Dopo un’occhiata bramosa alla sigaretta, se la infilò dietro l’orecchio. Tese le mani, a dita aperte, e le sue labbra si mossero senza suono per pronunciare una formula di potere.

La verga roteò nella polla, quindi si sollevò adagio dal ghiaccio, dove diventò immediatamente il centro di un bozzolo di aria ghiacciata. Tagliangolo gemeva dallo sforzo. La levitazione diretta è la più difficile delle pratiche magiche. C’è infatti il pericolo sempre presente del ben noto principio di azione e reazione. Ciò significa che un mago, il quale tenti di sollevare un oggetto pesante con il solo potere della mente, si trova di fronte alla prospettiva di finire con il cervello dentro gli stivali.

— Riesci a farla stare diritta? — chiese la Nonnina.

Con grande delicatezza la verga girò lenta nell’aria finché rimase sospesa di fronte alla vecchia, a qualche centimetro dal ghiaccio. Il gelo brillava sulle sue incisioni. Attraverso la nebbia rossastra dell’emicrania che gli velava gli occhi, sembrò a Tagliangolo che la verga lo guardasse. Con risentimento.

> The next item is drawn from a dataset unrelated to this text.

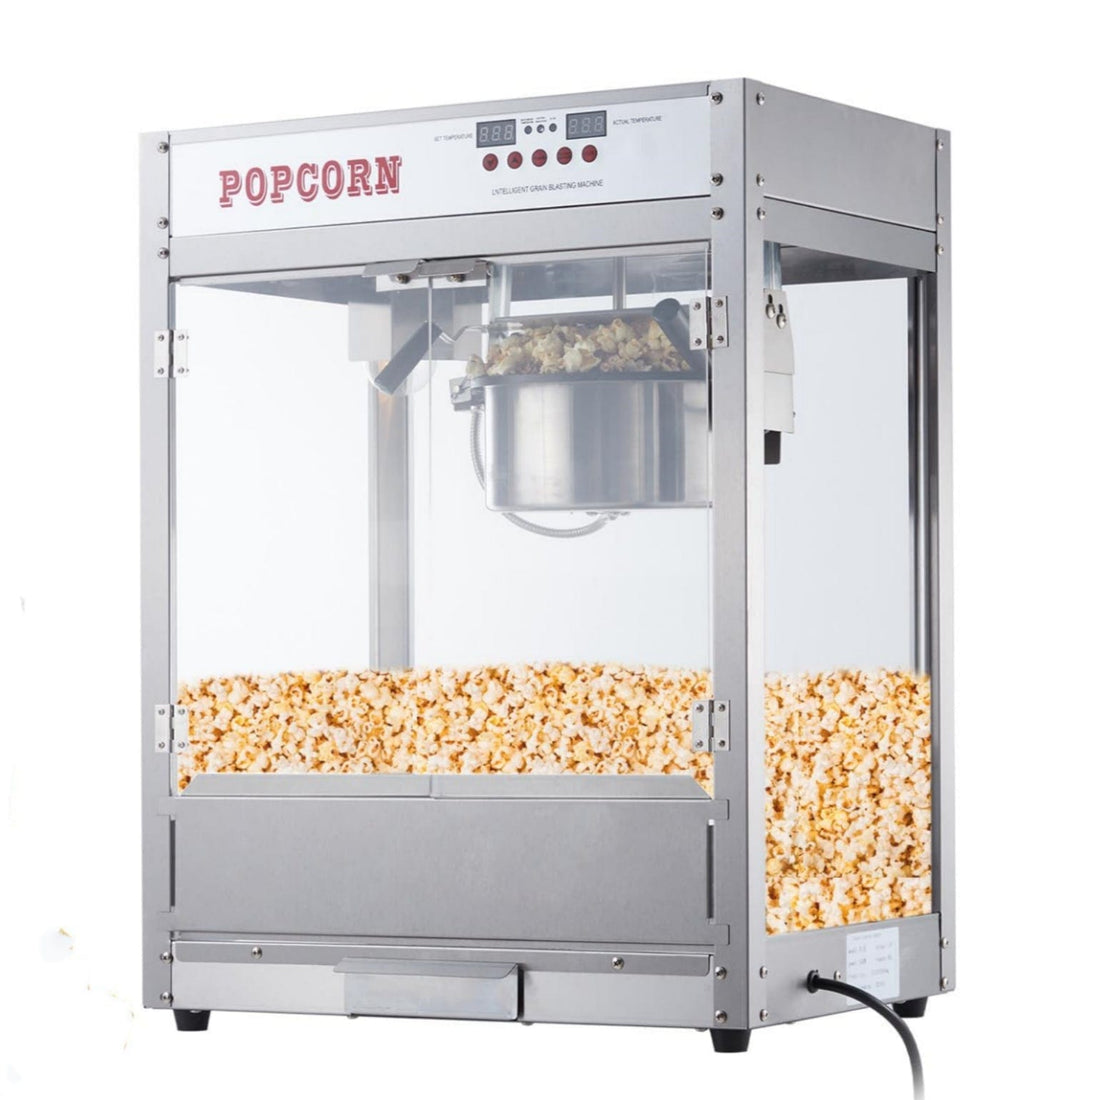 8 Oz Tabletop Popcorn Machine with Digital Control - Easy Clean & Keep Warm Feature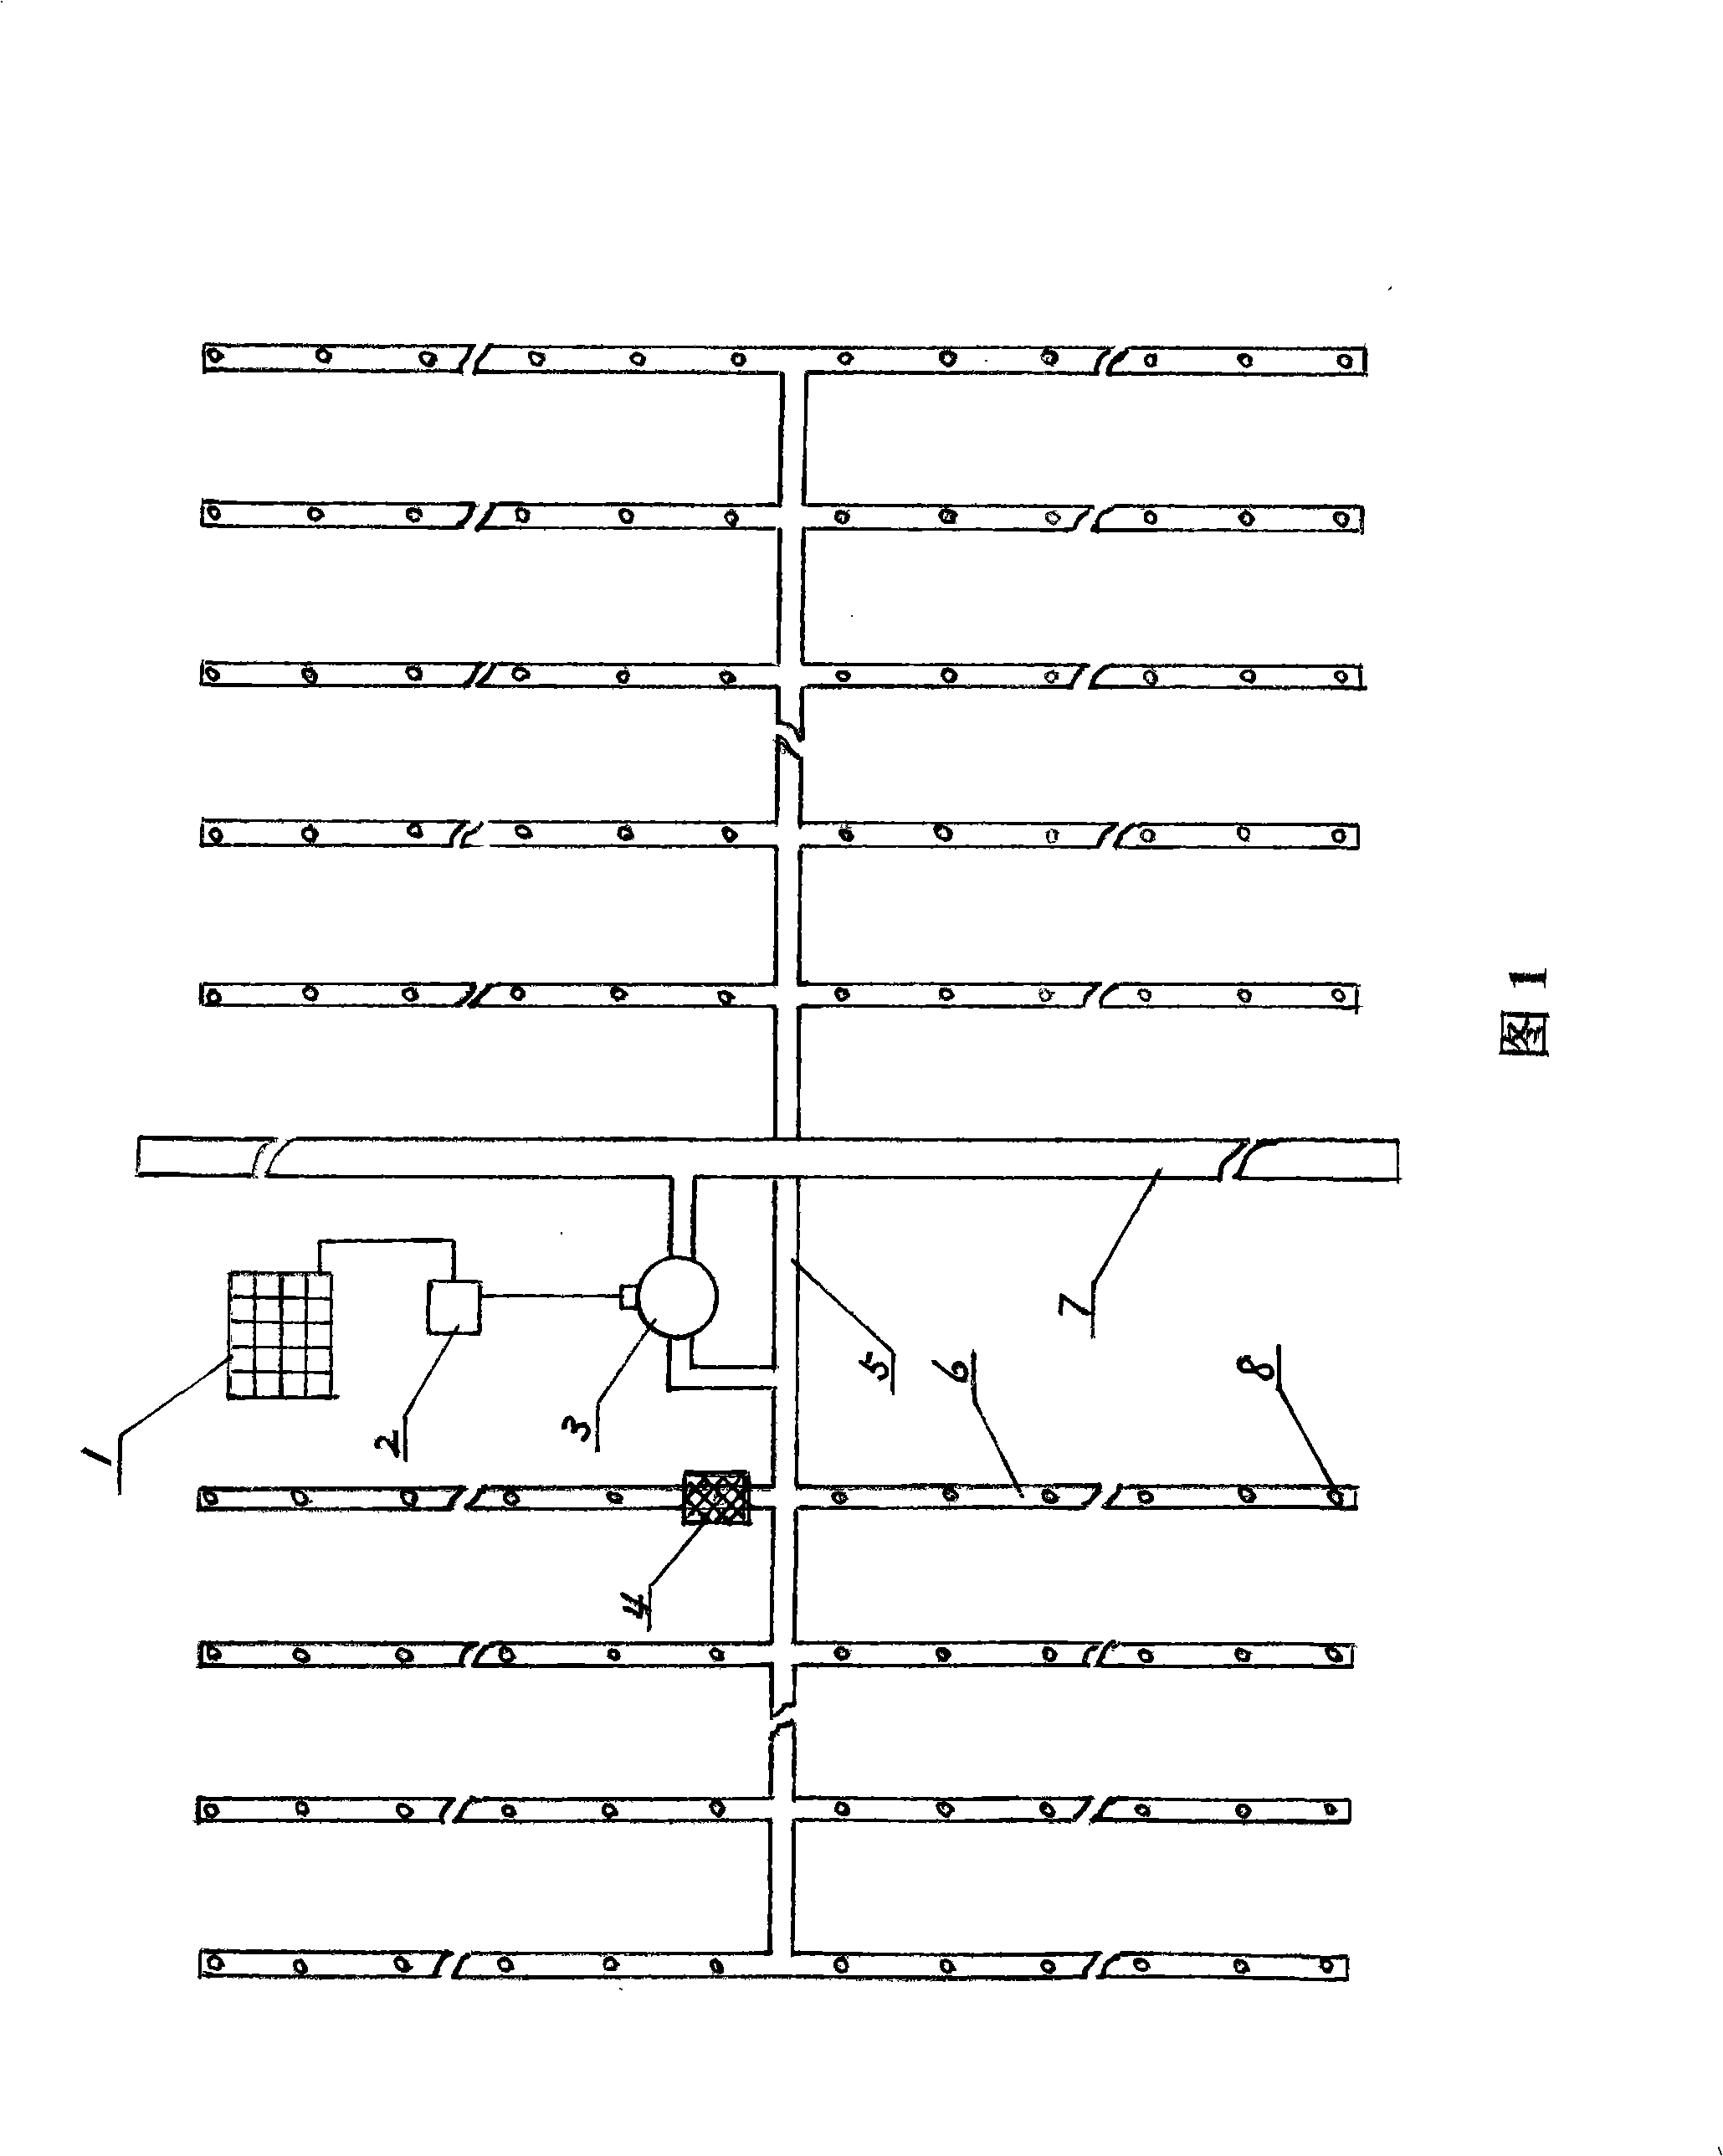 Drip irrigation device for treating sand with spraying film covered network and pulse pump

La Nonnina si aggiustò il cappello e si raddrizzò con aria decisa.

— Bene - disse.

Tagliangolo oscillò. Il tono di voce di lei lo trapassò come un seghetto da diamanti. Ricordava confusamente sua madre che lo sgridava da piccolo. Ebbene, la voce era la stessa, solo più raffinata concentrata arrotata con schegge di carborundo. Un tono di comando che avrebbe fatto mettere sull’attenti un cadavere e probabilmente lo avrebbe fatto marciare per metà cimitero, prima di ricordarsi di essere morto.